Tools and References

  • Bolyen, Evan, et al. "Reproducible, Interactive, Scalable and Extensible Microbiome Data Science Using QIIME 2." Nature Biotechnology, July 2019, doi:10.1038/s41587-019-0209-9.
  • McDonald, Daniel, et al. "The Biological Observation Matrix (BIOM) Format or: How I Learned to Stop Worrying and Love the Ome-Ome." GigaScience, vol. 1, July 2012, p. 7. BioMed Central, doi:10.1186/2047-217X-1-7.
  • Kruskal, William H., and W. Allen Wallis. "Use of Ranks in One-Criterion Variance Analysis." Journal of the American Statistical Association, vol. 47, no. 260, 1952, pp. 583-621. JSTOR, doi:10.2307/2280779.
  • Vázquez-Baeza, Yoshiki, Antonio Gonzalez, et al. "Bringing the Dynamic Microbiome to Life with Animations." Cell Host & Microbe, vol. 21, no. 1, Jan. 2017, pp. 7-10. ScienceDirect, doi:10.1016/j.chom.2016.12.009.

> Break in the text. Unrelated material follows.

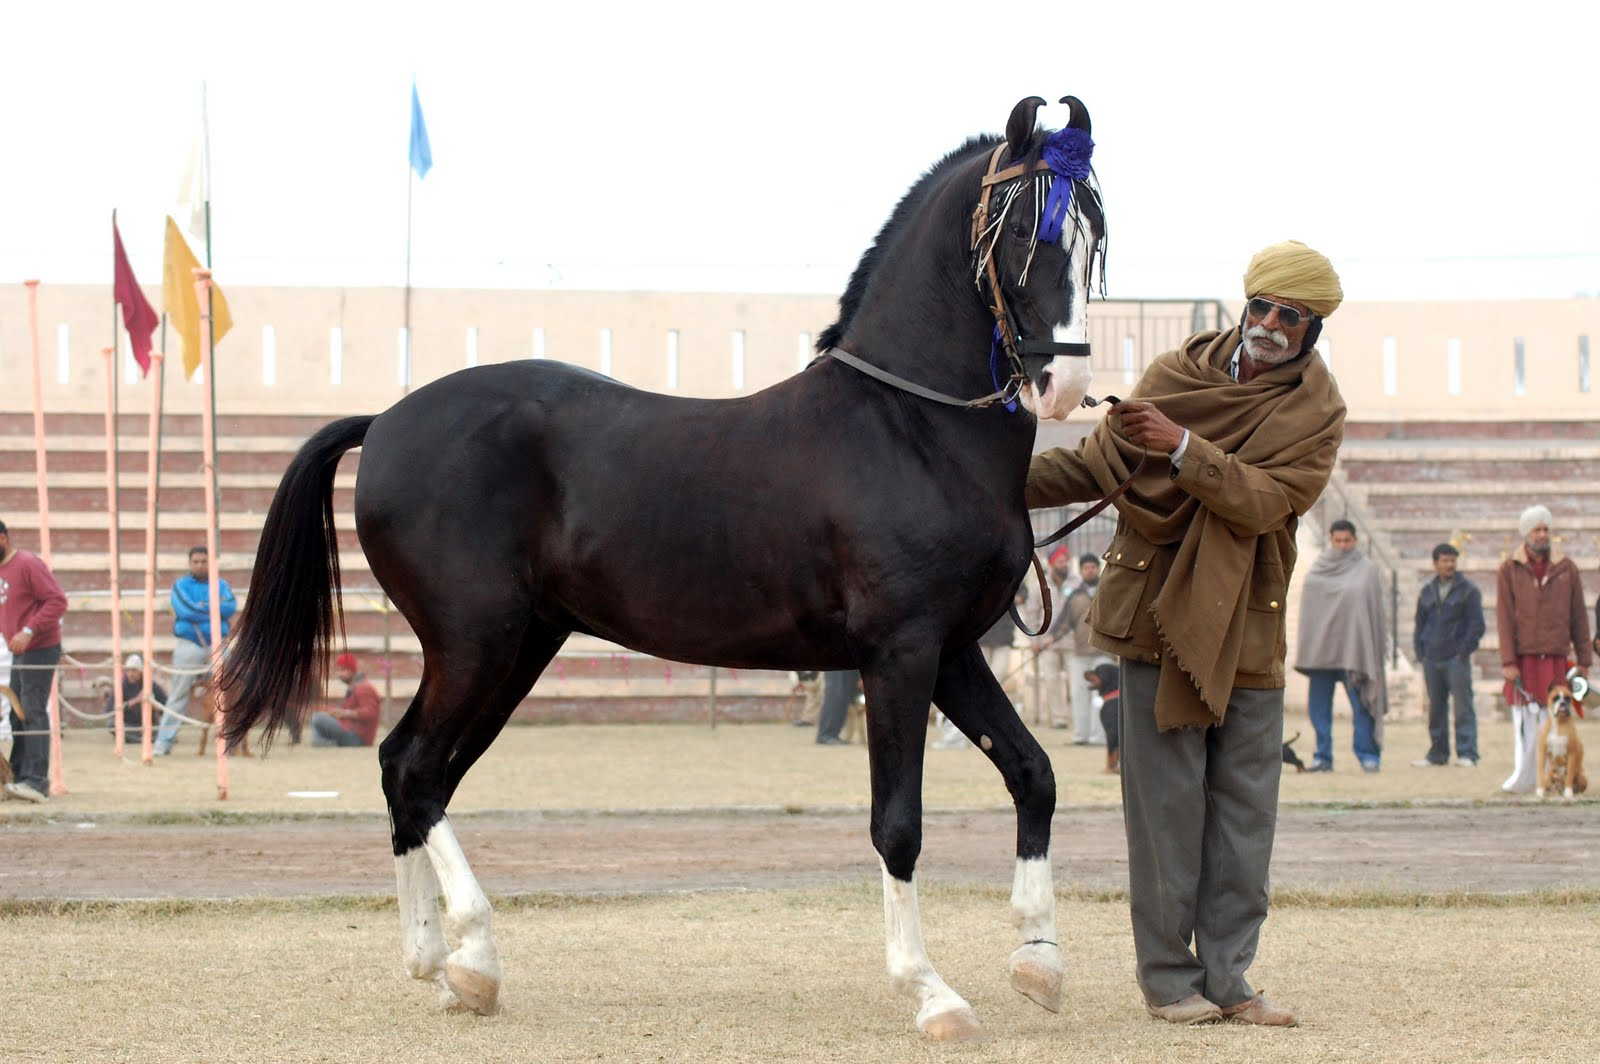 Marwari horse indigenous horses of india June 2010 1600x1064

  • Vázquez-Baeza, Yoshiki, Meg Pirrung, et al. "EMPeror: A Tool for Visualizing High-Throughput Microbial Community Data." GigaScience, vol. 2, no. 1, Dec. 2013. academic.oup.com, doi:10.1186/2047-217X-2-16.
  • Weiss, Sophie, et al. "Normalization and Microbial Differential Abundance Strategies Depend upon Data Characteristics." Microbiome, vol. 5, no. 1, Mar. 2017, p. 27. Crossref, doi:10.1186/s40168-017-0237-y.